This only happens if package A did also some innocuous \AtBeginDocument{\empty} before requiring package B! This instability where you can't trust the logical order of your own code is the problem I want to report.

Hook chunks are labelled, by default by your package name, and if you add to a hook then if there already exists code under the ⟨label⟩ then the new ⟨code⟩ is appended to the existing one.

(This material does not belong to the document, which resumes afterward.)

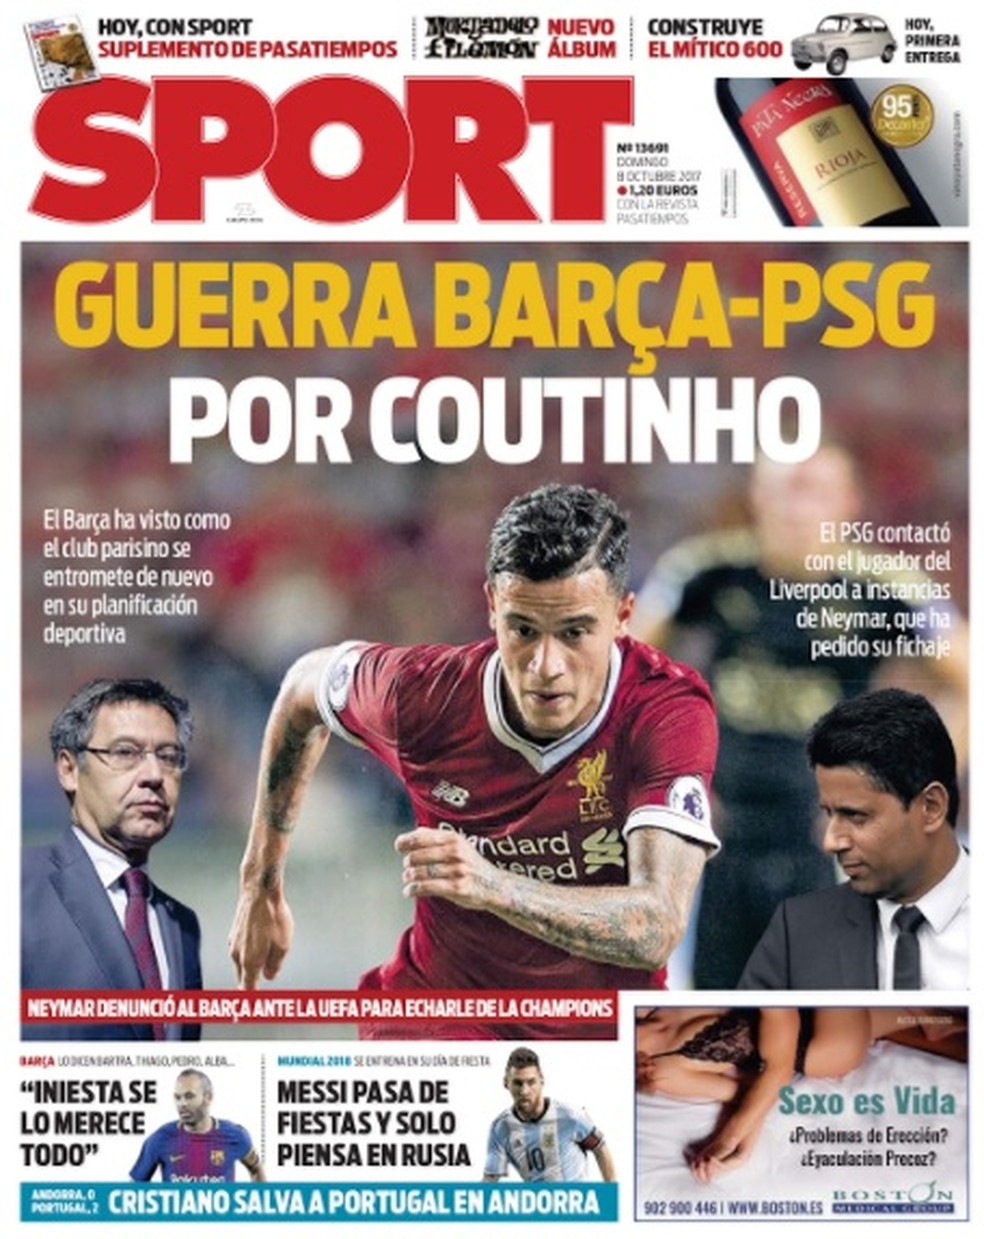 Capa do jornal Sport com a disputa entre Barcelona e Paris Saint-Germain por Philippe Coutinho  (Foto: Reprodução)

because this is so counter-intuitive

It is only counter-intuitive if you view the hook code as unsorted, anonymous pieces of code, once you view them as labeled code chunks the logic is quite clear. It helps a lot to use \ShowHook to get a clear picture. In your case this would give

-> The hook 'begindocument':
> Code chunks:
>     kernel -> \cs_if_exist:NF \tag_if_active:T {\prg_new_conditional:Npnn \ta
g_if_active: {p,T,TF,F}{\prg_return_false: }}
>     testABDpackage -> \empty \mathcode `\,="8000\relax 
>     testABDsubpackage -> \mathchardef \mathcomma =\mathcode `\,\relax 
> Document-level (top-level) code (executed last):
>     ---
> Extra code for next invocation:
>     ---
> Rules:
>     ---
> Execution order:
>     kernel, testABDpackage, testABDsubpackage.
<recently read> }
                 
l.134 \ShowHook{begindocument}

I am surprised the full-fledged changes of the \AtBeginDocument mechanisms did not cause more breakage in usages of legacy packages hence in legacy documents.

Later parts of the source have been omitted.